Energy managers (and quality managers) know the infamous PDCA- cycle that is on the basis of ISO 50001. The idea is to continuously improve how a given facility is operated. You plan improvements (PLAN), carry them out (DO), measure their impact (CHECK), and then take management decisions (ACT). In a digitized world, one would expect that data is at the core of this process and most decisions and that actions within this circle are mostly automated. But in reality, we could not be further away from that idea.
Over the last year, we talked to energy managers, consultants, and innovators working with energy providers, the packaging, paper, steel, and even the automotive industry. When asked what their main challenge was, they all named one thing:
“Working with IoT data is frustrating, time-consuming and hardly leads to results.”
To carry out the PDCA process efficiently, one needs data from within one’s company. Energy demands of plants, machines, and transport processes. Production volumes, quality standards. All of that is necessary to monitor a companies (energy) performance. In reality, however, this data still seems to not be available for those that need it.
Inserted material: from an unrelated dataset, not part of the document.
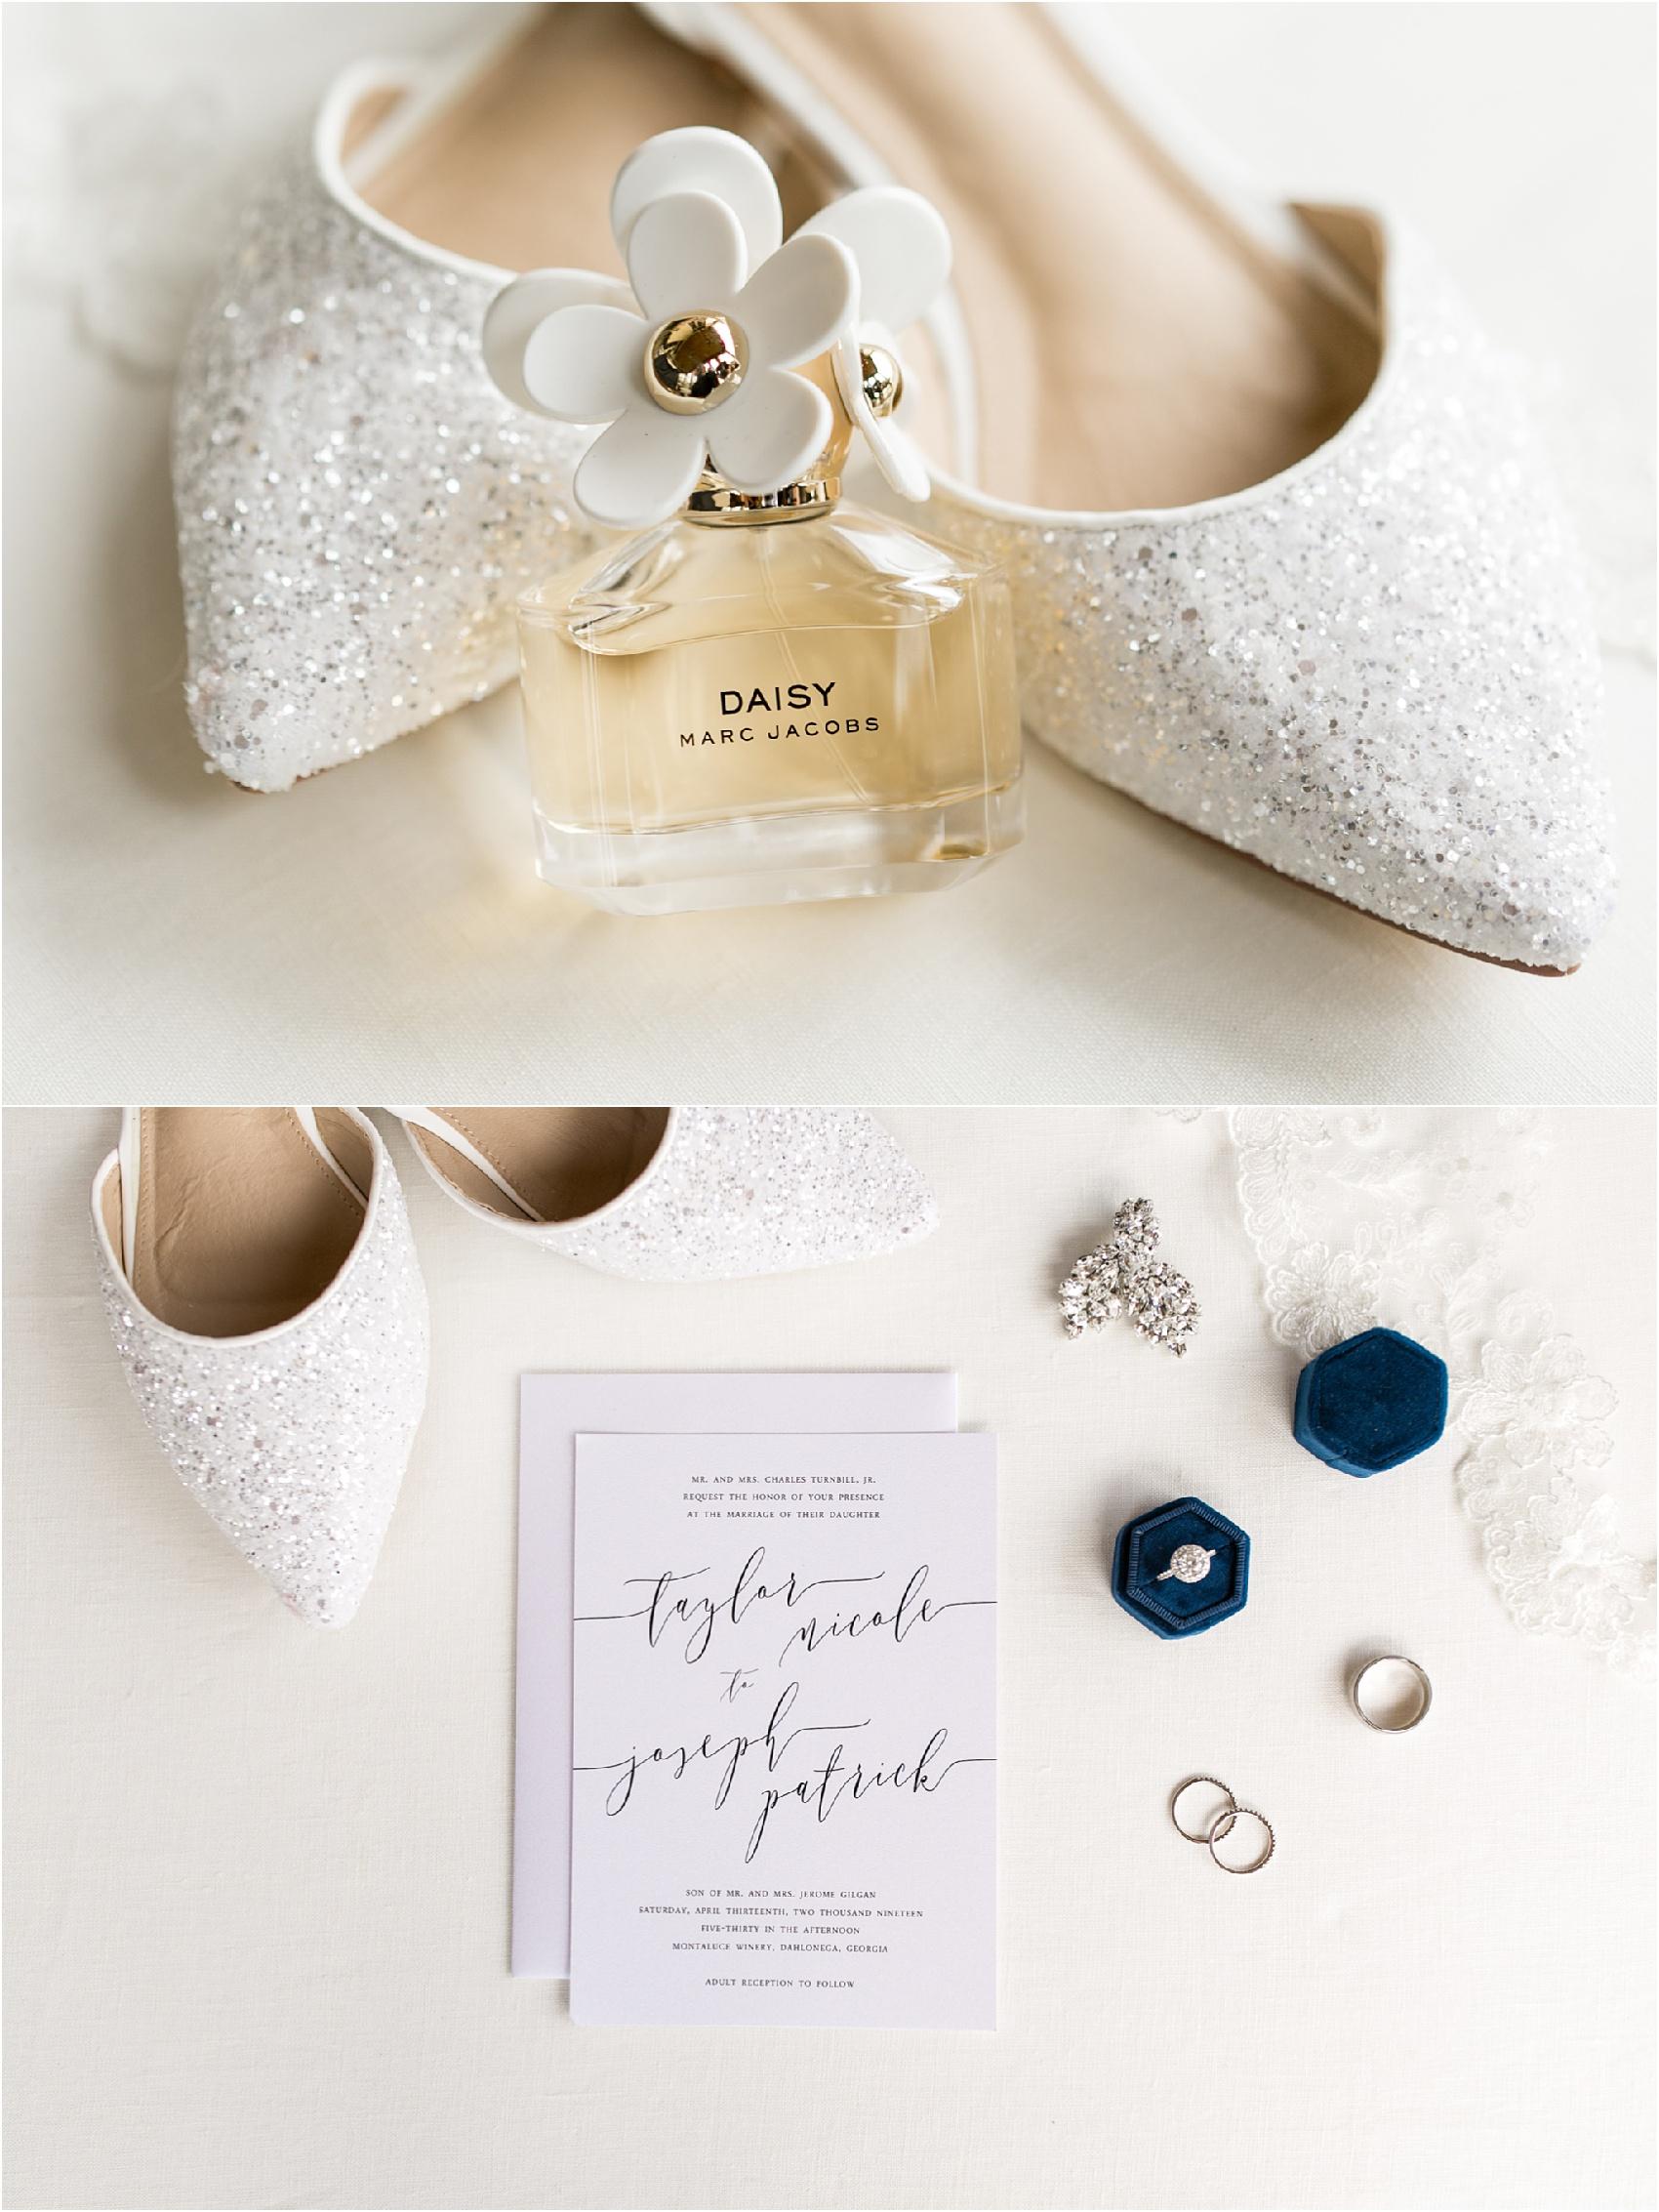 Savannah Eve Photography- Turnbill-Gilgan Wedding- Blog-6.jpg

When asked about their real-life experiences, they describe a dire situation. Depending on how familiar you are with your companies structure and people within it, you might find data and information fast or never. Data that you receive is often of poor quality which makes data-driven decision-making a gamble.
How to spend two months calculating the CO2 footprint of a machine park
Here is one specific use case to illustrate all that. We worked together with a local energy provider who told us about how they failed at a rather simple task. They tried to use power measurements stored in their database to calculate the CO2 footprint of their machines. From a domain perspective, this is a rather simple task. Integrate all power measurements for a given period (i.e. the year 2020) to arrive at an overall energy demand. Then, multiply this number with the specific CO2 emission factor per energy.
In reality, however, this was much harder than anticipated. First, Martin the domain expert tasked with this analysis had to retrieve the data from their database. He had to find the person that had access to this (technically) and inform this person what kind of data he was looking for. Doing this himself was not an option. Neither was he allowed to access the database nor did he have the necessary IT knowledge (SQL) to do so.
A few weeks and several e-mails later he finally received the data he was looking for in the form of .csv-files. 360 columns representing temperatures, thermal power measurements, electrical power measurements, and so on. Sampled every 15 minutes for the past 3 years (~100.000 rows). No this is not big data, but way more than what the tool he was using (MS Excel) was designed for.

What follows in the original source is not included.